Police across Australia are using tasers in situations that are inappropriate, unnecessary, and sometimes dangerous—and it's all caught on camera. A new Four Corners investigation has exposed a pattern of misuse that raises serious questions about police training and accountability.
The ABC investigation, broadcast this week, documented cases where officers deployed tasers against people who posed no immediate threat, people experiencing mental health crises, and even people who were already restrained. In several cases, the person tasered was elderly, disabled, or in medical distress.
The footage is hard to watch. In one case, officers tasered a man having a seizure because they thought he was resisting arrest. In another, a 95-year-old woman with dementia was tasered in a nursing home. These aren't edge cases or split-second life-or-death decisions. They're failures of judgment, training, and supervision.
Mate, tasers were sold to the public as an alternative to lethal force. The promise was they'd save lives by giving officers an option between words and bullets. Instead, they've become a compliance tool—something officers reach for when someone isn't following instructions quickly enough, regardless of the risk or justification.

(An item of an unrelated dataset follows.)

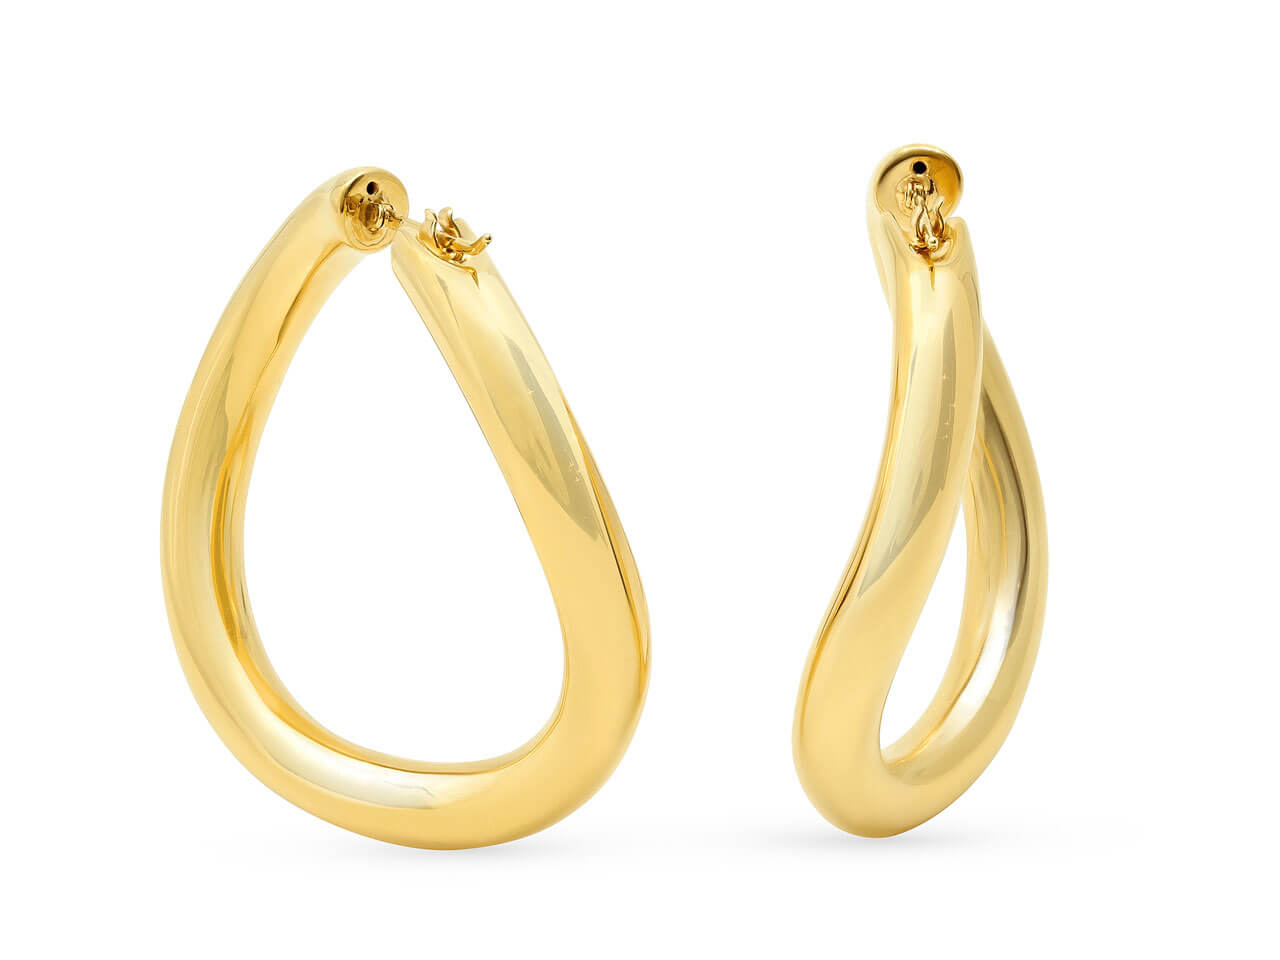 Italian Curved Hoop Earrings in 18K Gold, by Beladora

The data backs up the concerns. Taser deployment has increased dramatically across Australian states over the past decade, far faster than overall police interactions or violent crime rates. That suggests mission creep: what was meant to be a last-resort weapon before lethal force has become a routine tool for gaining compliance.
Particularly concerning is the use of tasers against people experiencing mental health crises. These situations require de-escalation and medical intervention, not electric shocks. But officers often lack the training or patience to manage these encounters safely, and the taser becomes the easy option.
Police responses to the investigation have been predictable: most forces defended their officers while acknowledging room for improvement in training. Several states are reviewing their taser policies. Whether that leads to meaningful change or just better PR remains to be seen.
The broader issue here is accountability. Body camera footage shows inappropriate taser use, but officers are rarely disciplined unless someone dies or the media gets involved. That sends a clear message about what's acceptable.
Australia needs a serious conversation about police use of force, proper mental health crisis response, and what accountability actually means. This investigation should be the start of that conversation, not the end.